The disadvantage of such methods is in particular that insufficient uniformity of the deposited layers. The separation performance in such systems undesirably low.

The invention has for its object a method and to create a device of the type mentioned in the introduction, » through which the production with high separation efficiency enables uniform and high quality layers becomes.

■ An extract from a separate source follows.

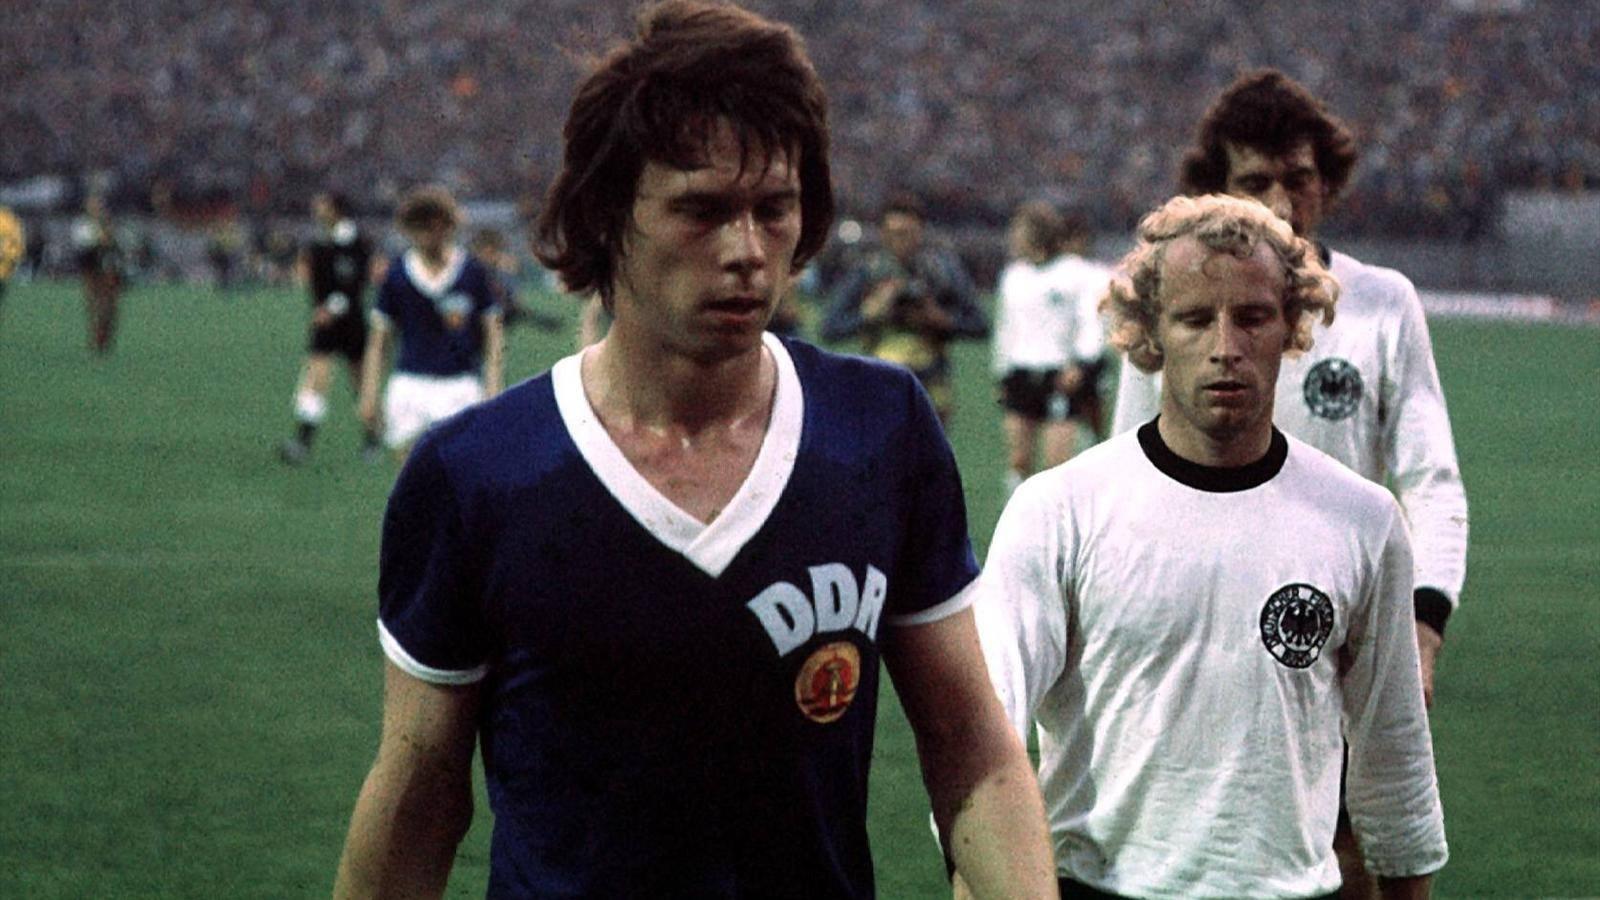 Jurgen Sparwasser e Berti Vogts a Monaco 74
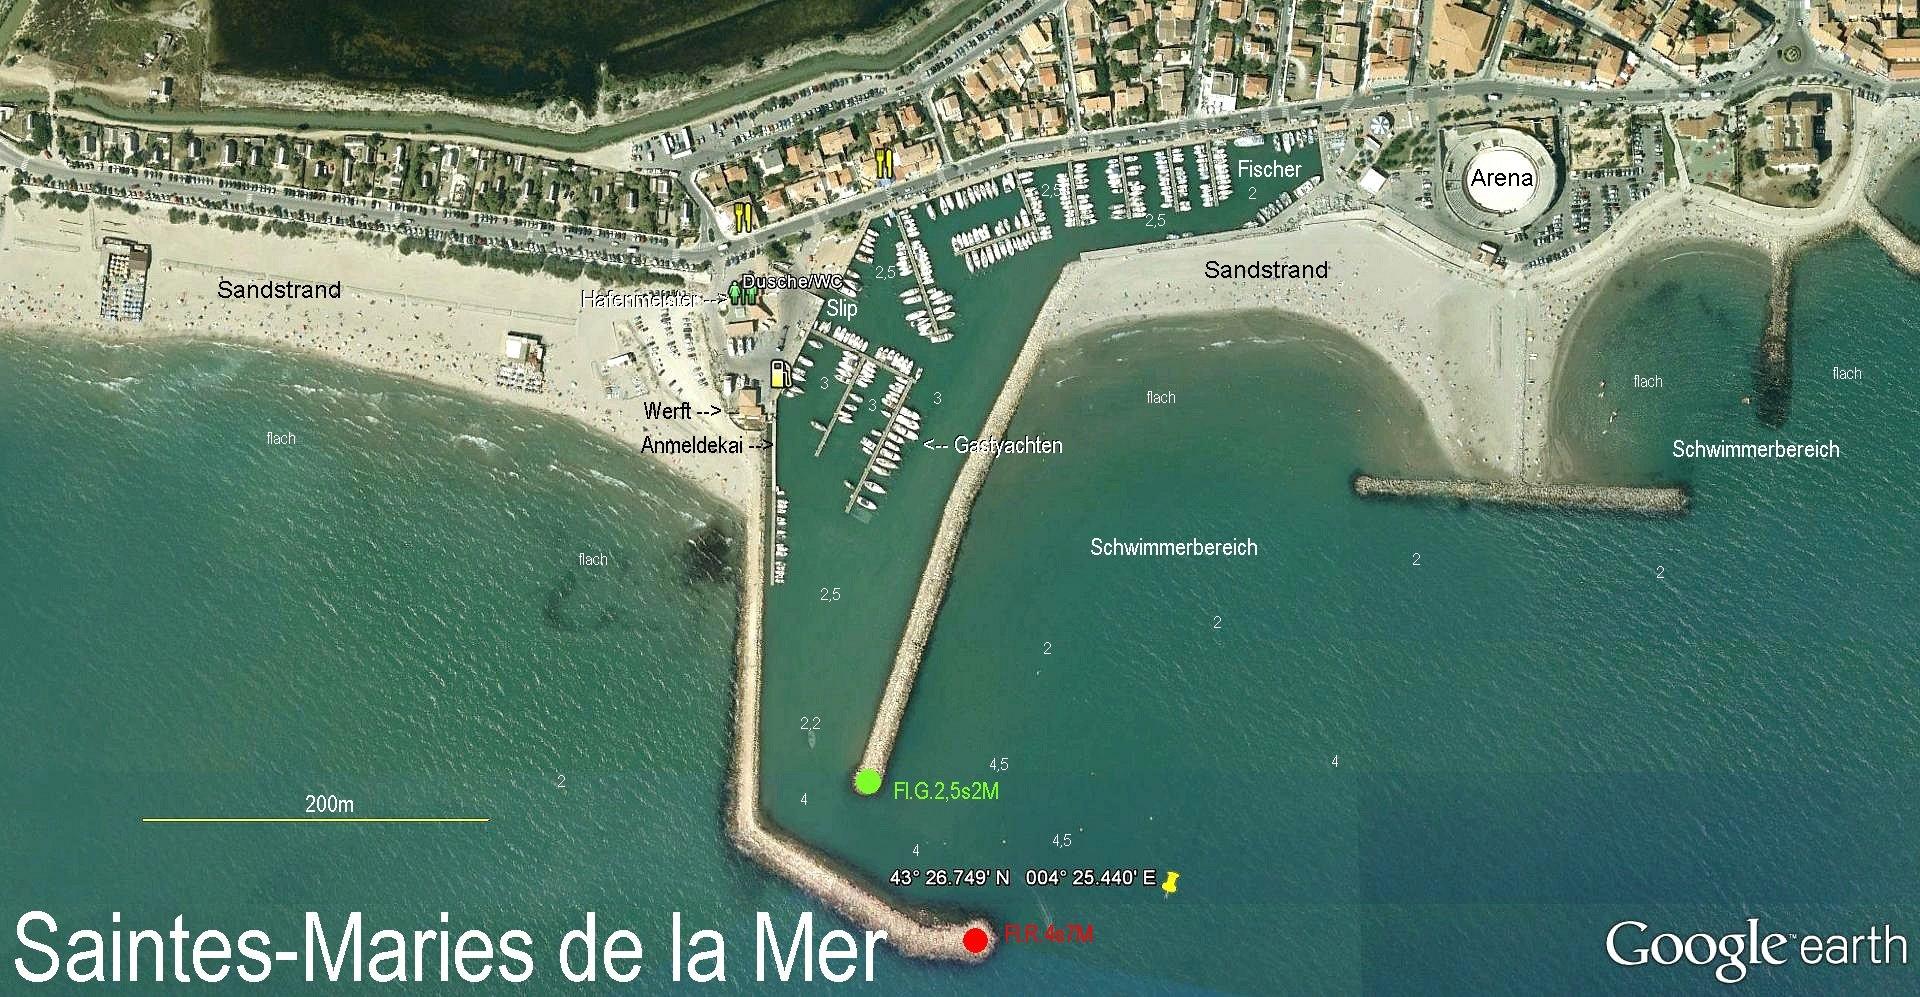 Revierinformation f r segler beschreibung der marina - Office du tourisme saintes marie de la mer ...

To achieve this object, the features of claims 1 and 9 are provided. Advantageous embodiments and expedient developments of the invention are in the Subclaims described.

The device according to the invention for galvanic The coating of continuous material is characterized by that the continuous material in a non-conductive Material existing coating channel is guided. In the Coating channel open out nozzles of a nozzle system, via which an electrolyte is fed to the continuous material becomes. The electrolyte is discharged from the Coating channel and a disposal system can be supplied.

The basic idea of the invention is therefore about the nozzles of the nozzle system with a continuous material To apply electrolyte current, which is preferably transverse to Longitudinal axis of the continuous material is directed. By a suitable uniform distribution of the nozzles over the length the coating channel becomes a homogeneous Electrolyte flow achieved through which a uniform Layer on the continuous material regardless of its length is produced. Typically, the continuous material is with Gold, palladium, PdNi or silver coated, the Layer thicknesses are about 1 µm. The cathode forming anode arrangement associated with continuous material advantageously formed by the nozzles themselves, which are made of platinum or platinum-plated titanium. Alternatively, the Nozzles are made of plastic, these soluble anodes assigned.

Another significant advantage of the invention Device or the method according to the invention in that by appropriate dimensioning of the nozzles and in particular by a suitable specification of the pressure with which the electrolyte is fed into the nozzles that Electrolyte flow rate on the surface of the Endless material can be specified precisely. So that can be special constant and high electrolyte flow rates achieved be preferably in the range of 1 m / s to 3 m / s lie.

Due to the high electrolyte flow rates, a particularly high separation performance with reduced Concentration of the substances to be separated, in particular Precious metals, preserved in the electrolyte. This is because that at increased electrolyte flow rates increased electrolyte exchange in the area of the surface of the Continuous material is obtained. This effect will promoted particularly when the electrolyte flow is not laminar, but turbulent. The Diffusion path of the ions present in the electrolyte greatly reduced during the deposition process, that is a larger number of dischargeable ions to the surface of the Continuous material will be delivered. Accordingly much higher current densities can be achieved whereby the deposition rates increase drastically.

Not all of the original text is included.